Arndale returned to the Indian Ocean in September, and moved to Australian waters in November. She refuelled warships of the Royal Australian Navy during this period, before being assigned to Force 69 in January 1945, supporting Force 63 for Operation Meridian I on 24 January, and Operation Meridian II on 29 January. Arndale returned to Australia on 7 February 1945, berthing at Fremantle. In February 1945 she sailed to Manus Island, in the Admiralty Islands, and in March was allocated to Operation Iceberg, the allied invasion of Okinawa. She moved forward to Leyte Gulf in March 1945 with the other auxiliaries and spent the rest of the war attached to the fleet train of the British Pacific Fleet. She was badly damaged by fire in August 1945 and repaired at Brisbane, before visiting Hong Kong in October 1945.

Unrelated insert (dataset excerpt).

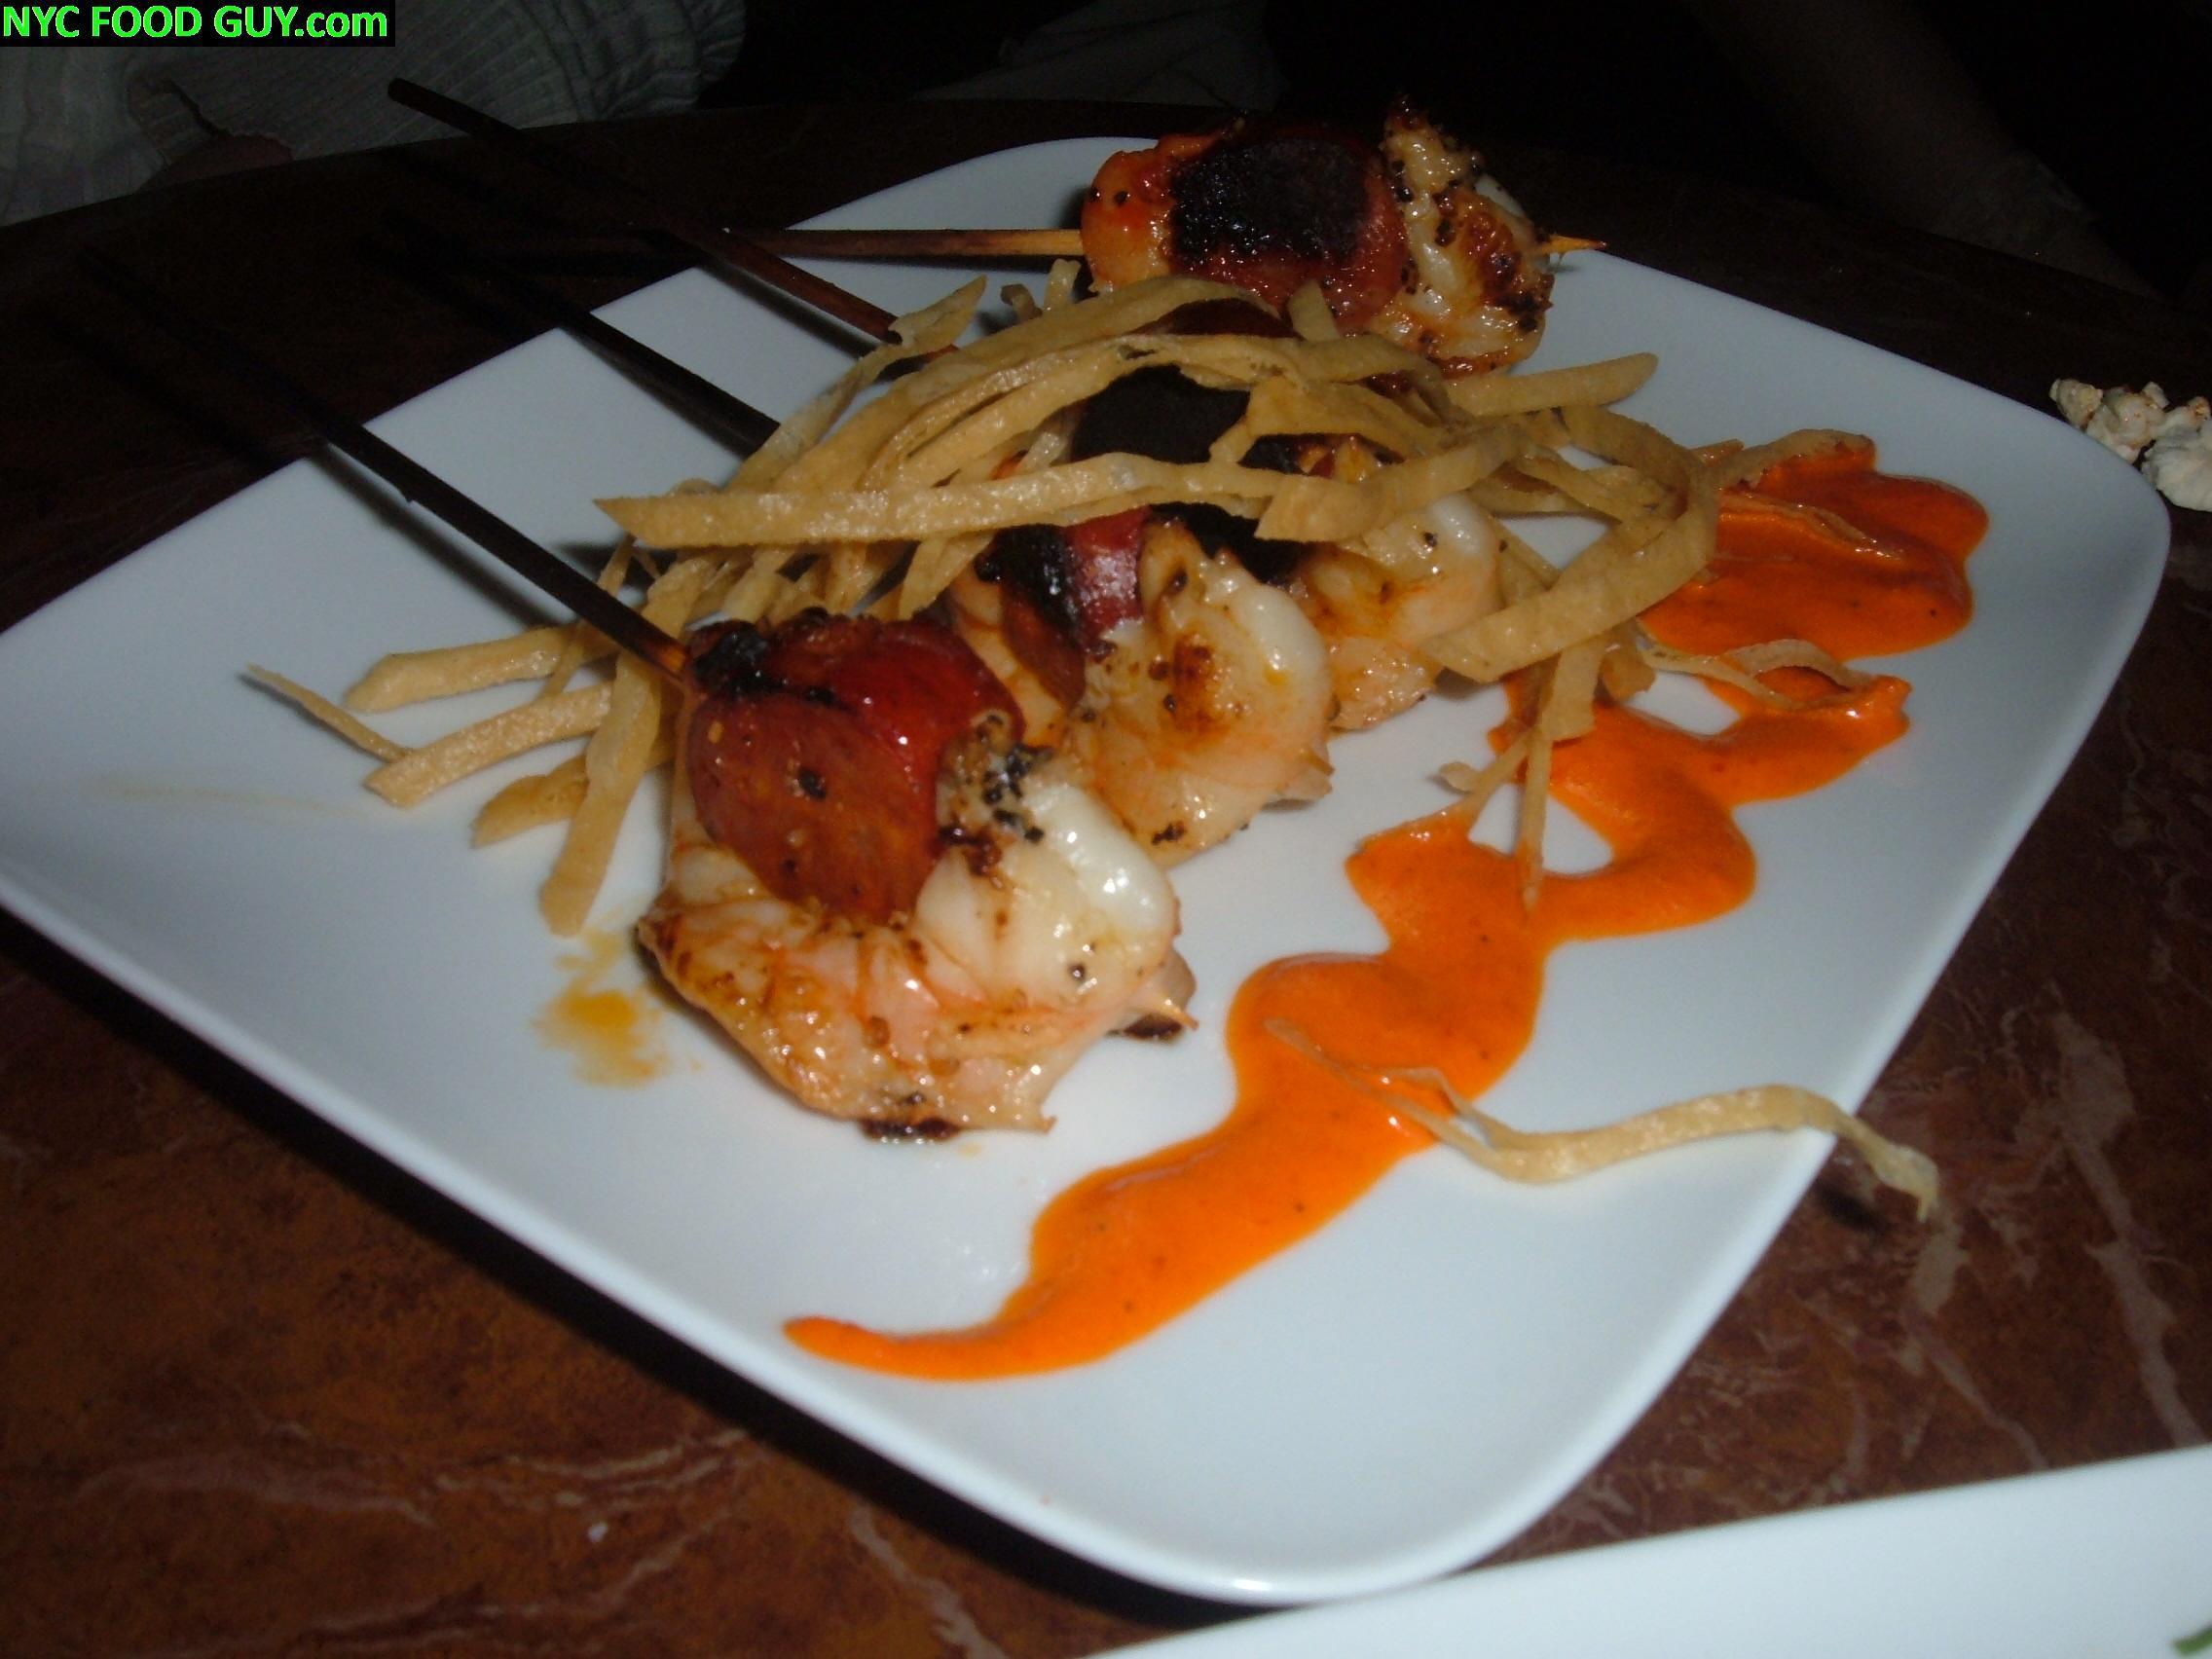 Shrimp & chorizo, a beautiful union.
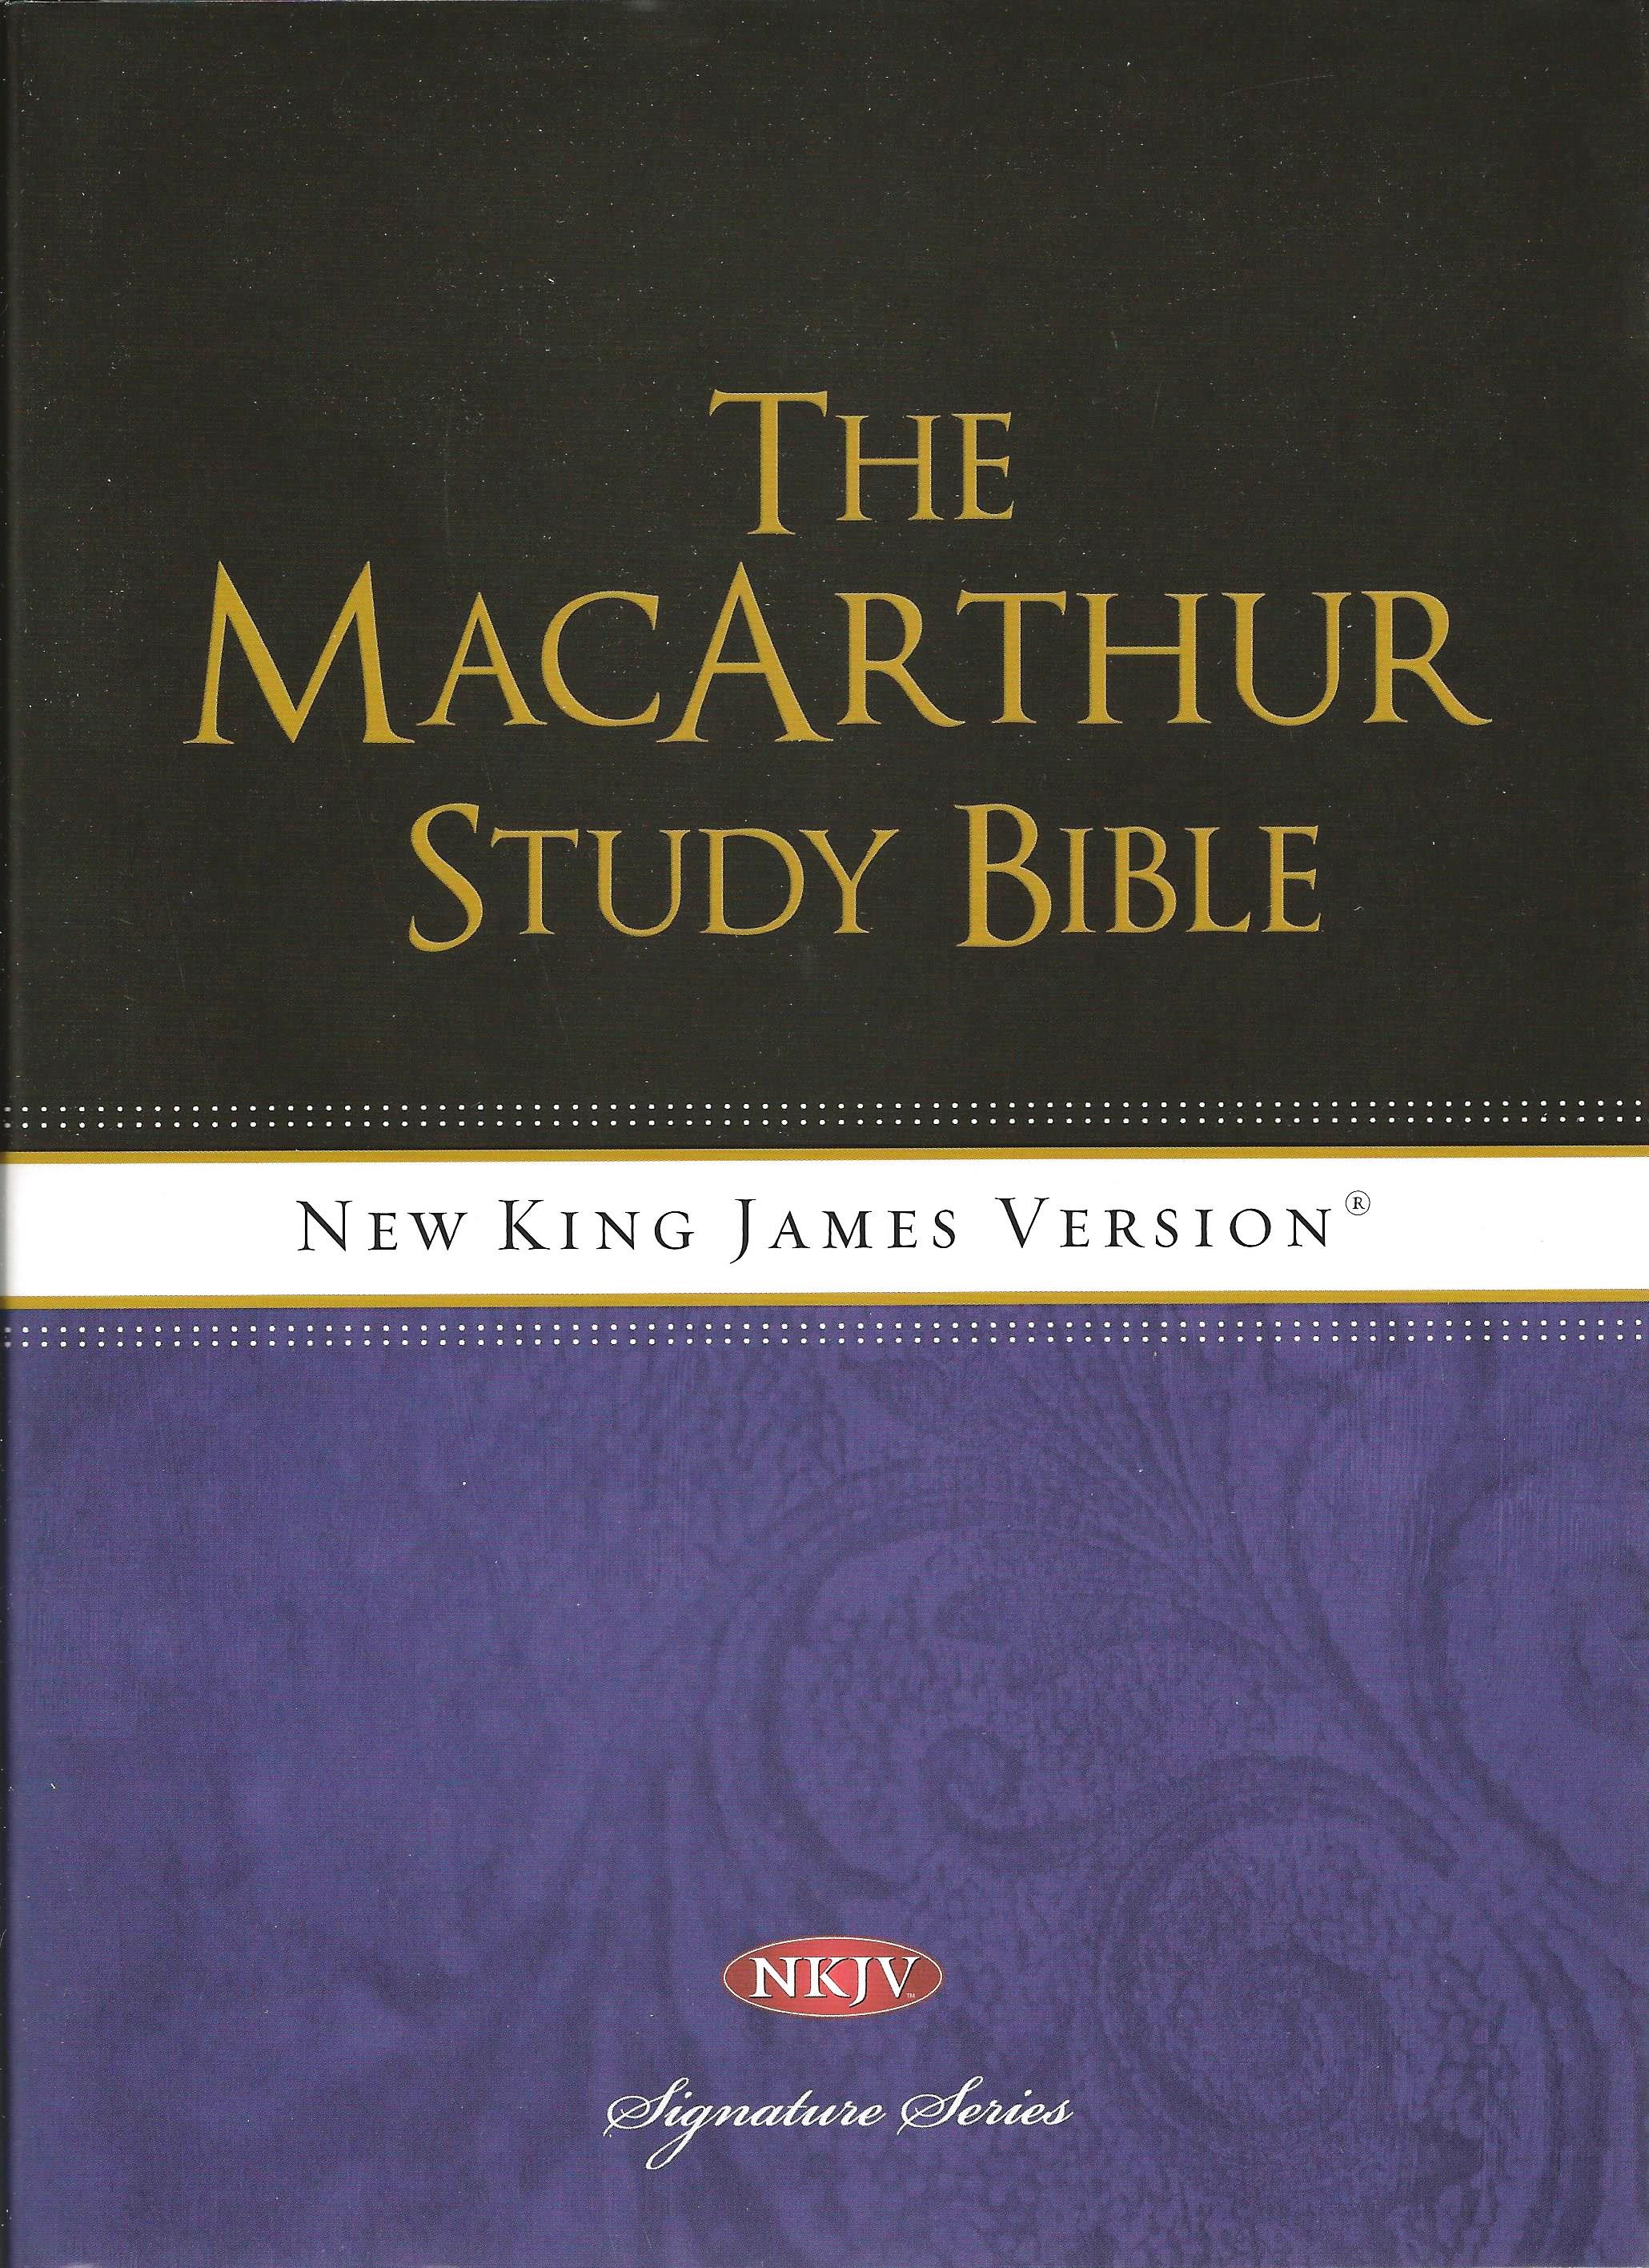 NKJV MACARTHUR STUDY BIBLE Hardcover

Arndale returned to the UK in March 1946 and underwent a refit at Swan Hunter's yards. Returning to service, she spent her postwar career making regular voyages between the Pacific, Indian Ocean, Caribbean and the UK, supporting fleet operations. On 19 January 1952 she suffered a flooded engine room in heavy weather while in the North Sea off the Scottish coast. She sent out a mayday, and was attended to by the tugs Zest of Invergordon and Hengist of, Rosyth, being towed into Rosyth Dockyard on 21 January 1952. Between July and November 1953 she was refitted at Palmers Yard, Hebburn on Tyne, and between January 1955 and February 1956 she was on charter to London & Overseas Freighters. On 12 August 1959 Arndale was laid up at Rosyth, and on 4 December 1959 she was advertised for sale. She was sold to a Belgian shipbreaking firm in March 1960 and on 12 April 1960 Arndale arrived at Willebroek, Belgium to be scrapped by Sadeica Cie Anonyme. Brussels.